The Fort Wood National Historic District is a historic neighborhood in Chattanooga, Tennessee. Since April of 1979 it has been considered a National Historic Site. Surrounding roads enclosing the neighborhood include Palmetto Street, McCallie Avenue, East 4th Street, and O'Neal Street. The neighborhood is situated near the Chattanooga campus of the University of Tennessee.
The land that comprises the Fort Wood Historical District was initially a Civil War fortification. Union forces enclosed the area during their occupation of Chattanooga in 1863. In the 1880’s, following the war, the land was sold to developers, and the area became on of Chattanooga’s most prestigious residential areas.
Throughout the late 1800’s and into 1920, developers built streets of grand, Queen Anne, Romanesque Revival, and Tudor Revival homes. The most notable and wealthy Fort Wood residents moved into this neighborhood, and occupied the approximately 106 homes.
During the 1950’s, Fort Wood was struck with “white flight”, as urban areas began to develop concentrations of Black Americans, and white people fled to the suburbs. By the 1970’s the neighborhood of Fort Wood was in critical condition. Many of the buildings had fallen into disrepair, suffering from vandalism, arson, and crime. The neighborhood began to suffer from a poor reputation as a result of this climate, which perpetuated a continuation of the gradual decline. University of Tennessee students, many of which lived nearby, cited concerns with the sprawl of crime affecting them, and it began to impact the reputation of the college.
By the early 1980’s, local and city officials began to direct their attention to revitalization. The neighborhood received grants and public attention, and restoration began on many of the most notable homes in the area.
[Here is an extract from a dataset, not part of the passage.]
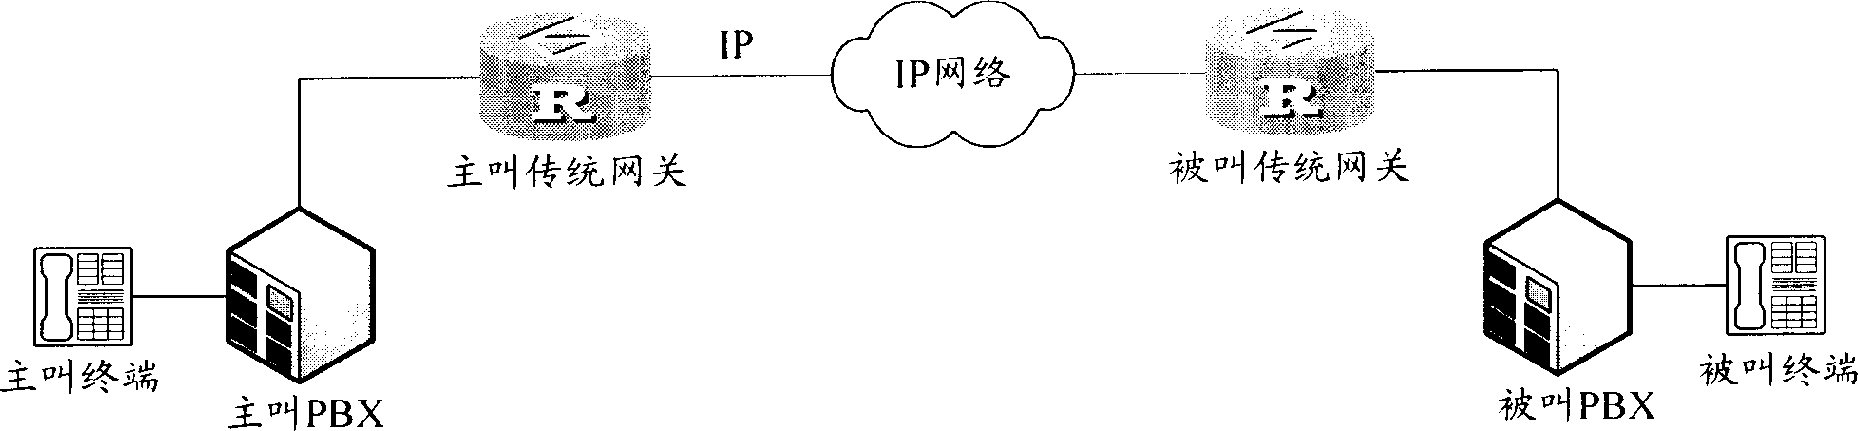 System and method for realizing Internet protocol voice service

Over the next two decades the area was returned to a level of distinction, and the homes remain a combination of elite single family residences and apartments for off campus housing.
Today, visitors are able to view the historic homes from the street. Many have plaques at the road detailing their history and notable residents who occupied the property. Most homes are not open to the public, and are private residences.